Shan P. Patel ’03, also a Crimson editor, taught three Kaplan SAT classes to minority students in Lowell, Mass. for over a year. He has volunteered his time for a veritable host of educational activities, from teaching civics in a Boston high school to ESL refugee tutoring to coaching volleyball and tutoring in a Cambridge middle school.

As a consequence of TFA’s narrow outlook—that only the very best should be accepted and sent to the most disadvantaged districts—thousands of other excellent applicants who want to teach for two years, like these seniors, are being spurned in spite of the massive need for teachers. There are no broad nationwide programs that seek to match all qualified recent college graduates with school districts starving for teachers; TFA is the closest thing, along with five cities that have very selective programs aimed at young and mid-career professionals. Those who are rejected could theoretically go through the arduous process of applying for individual job openings in different school districts hoping to land a position—extremely difficult without teaching certification, of course.
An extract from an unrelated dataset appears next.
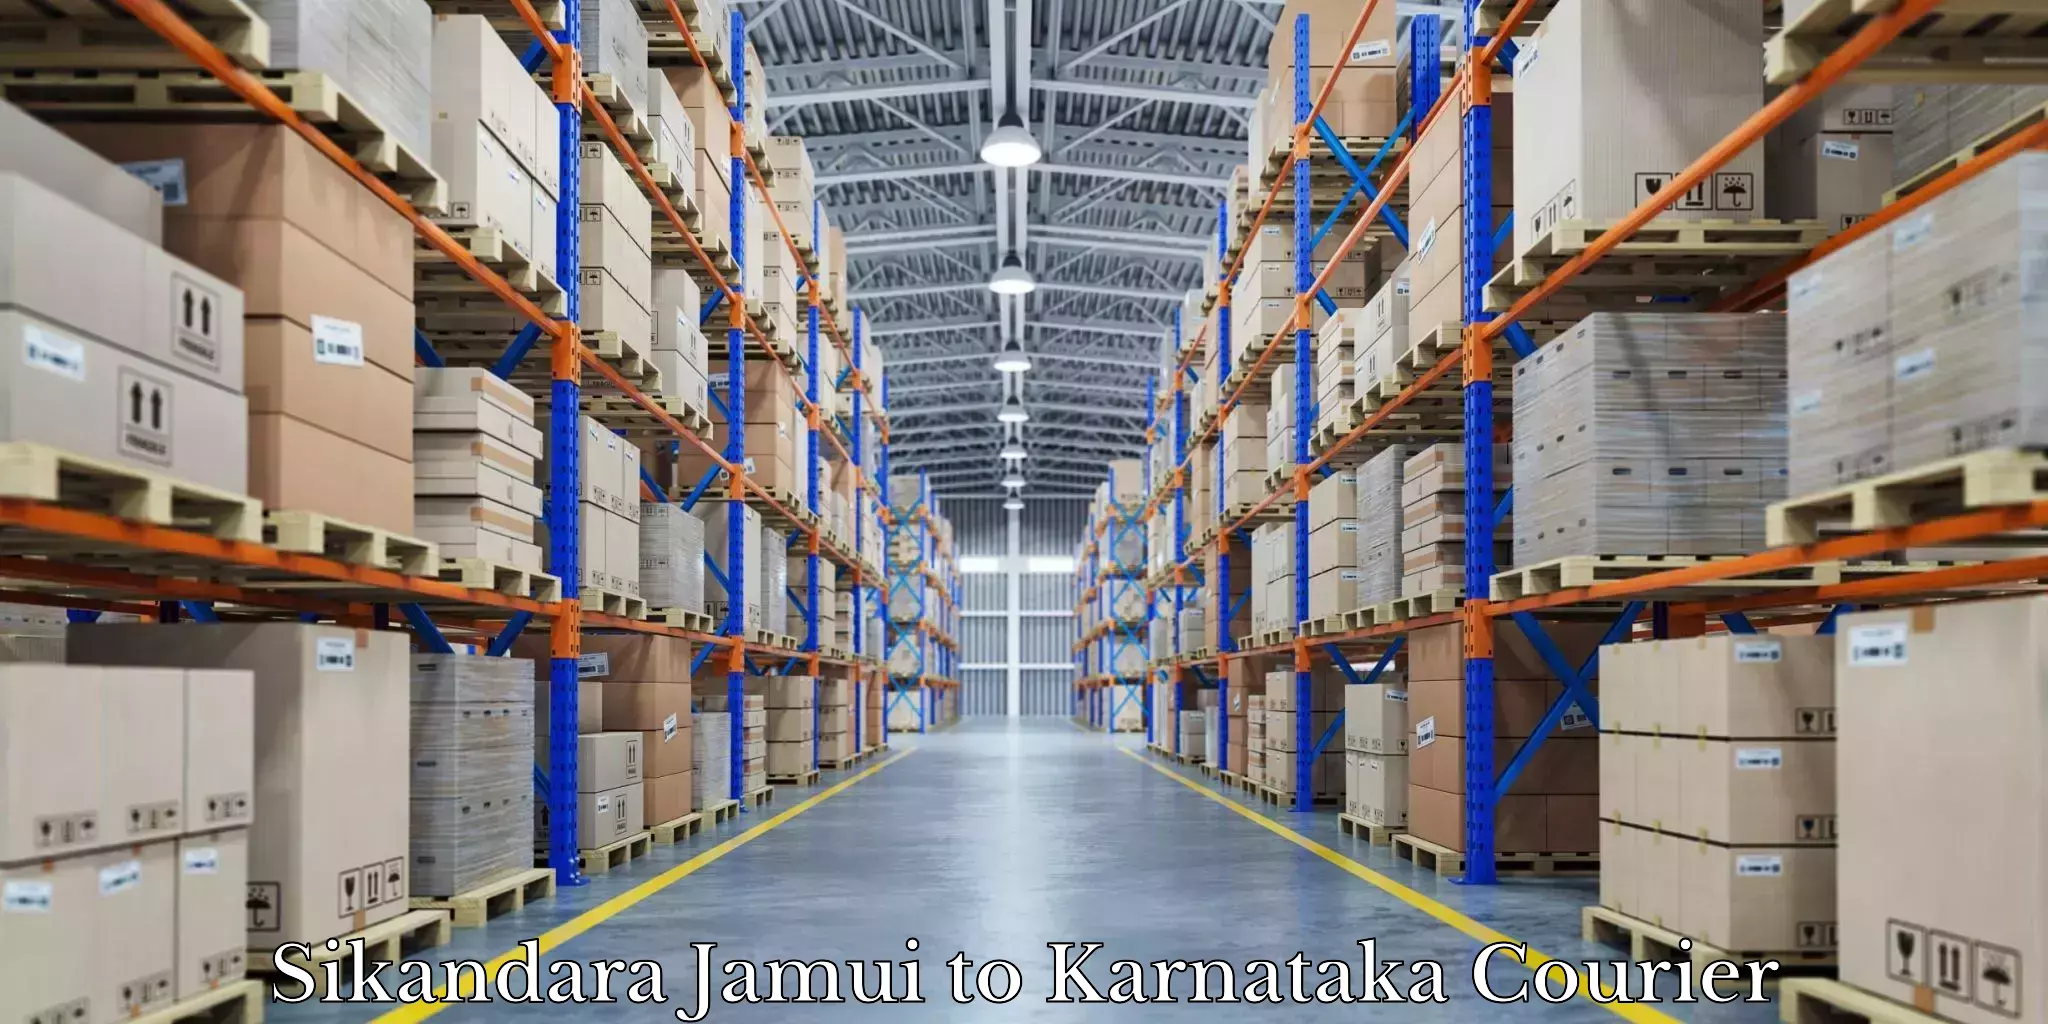 Furniture moving and handling in Sikandara Jamui to Kanjarakatte

To its credit, Teach For America has been expanding dramatically as its applicant pool has skyrocketed. Last year, TFA increased its presence in existing districts by an average of 51 percent; it plans continued expansion in New York and two new areas this year. But it hasn’t managed to keep up with the demand. Teach For America Vice President of Site Development Aimee Eubanks says that “many of our districts always want more Teach for America teachers,” and there are several other districts and individual schools that have approached TFA over the last two years.
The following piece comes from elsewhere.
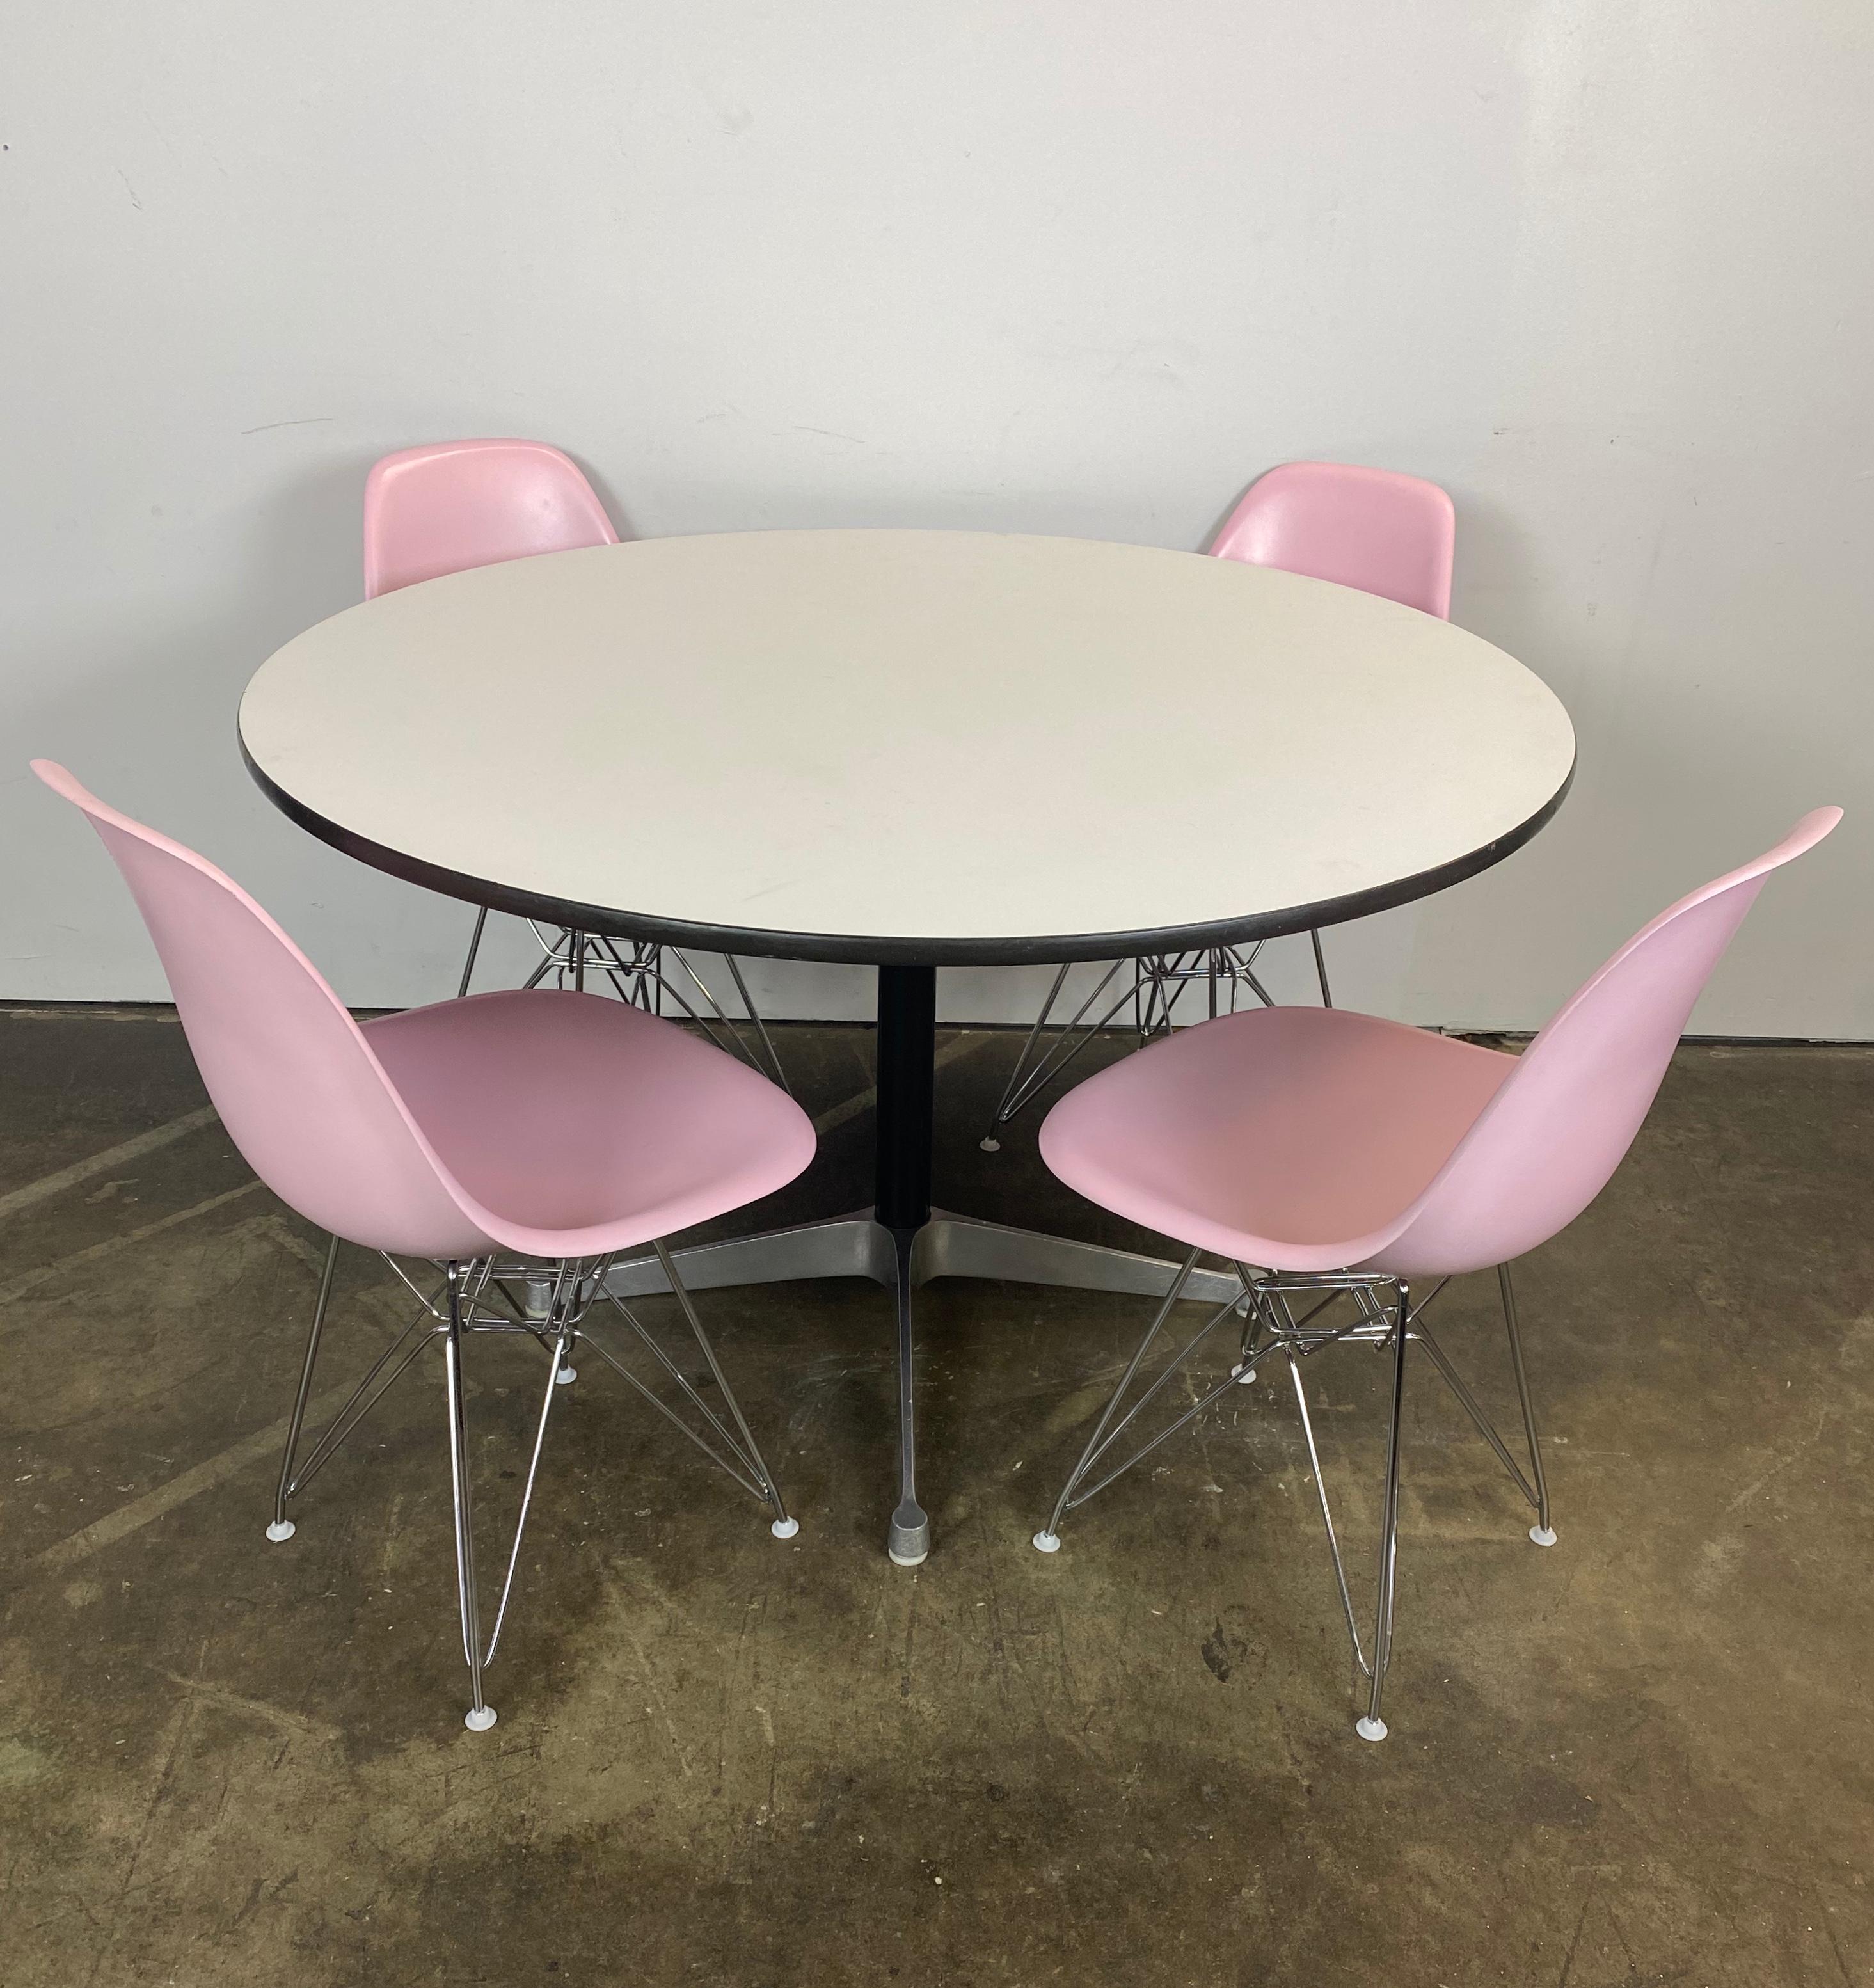 Magnifique ensemble de salle à manger Herman Miller Eames. Avec 4 chaises DSR de modèle rose, recouvertes de rose et posées sur de nouveaux piétements Eiffel. Toutes les chaises sont signées Herman Miller et garanties authentiques. Les patins en

Considering TFA’s impressive expansion, it is understandable that there would be organizational hurdles to accepting, training, placing and supporting even more applicants while maintaining high standards. Brakke and Eubanks also pointed out other obstacles that have hindered TFA’s efforts to establish new sites—most notably a lack of alternative certification programs that permit teachers without educational backgrounds to enter the classroom. To facilitate TFA’s growth and maintain the quality of its programs as it expands, more federal funding is necessary, and of course states must ensure that their regulations allow TFA teachers.

If there were a national program with the broader goal of training qualified college graduates to teach in districts that need them, TFA’s mission of placing only the very best applicants in the most disadvantaged areas would be a superb complement to it. But as it is, TFA is pretty much the only way for seniors who do not plan to teach as a career, and who have no formal teaching credentials, to make an immediate impact in the classroom. There is a massive teacher shortage, and TFA cannot ignore the fact that almost every applicant it turns away means one less teacher in the districts that need them most.

Teach For America serves a noble purpose by recruiting the best educators to serve in the most deprived areas, but it must not hold itself hostage to a narrow vision that inhibits many more well-qualified applicants from making a difference.

David M. DeBartolo ’03 is a government concentrator in Lowell House. He was editorial chair of The Crimson in 2002.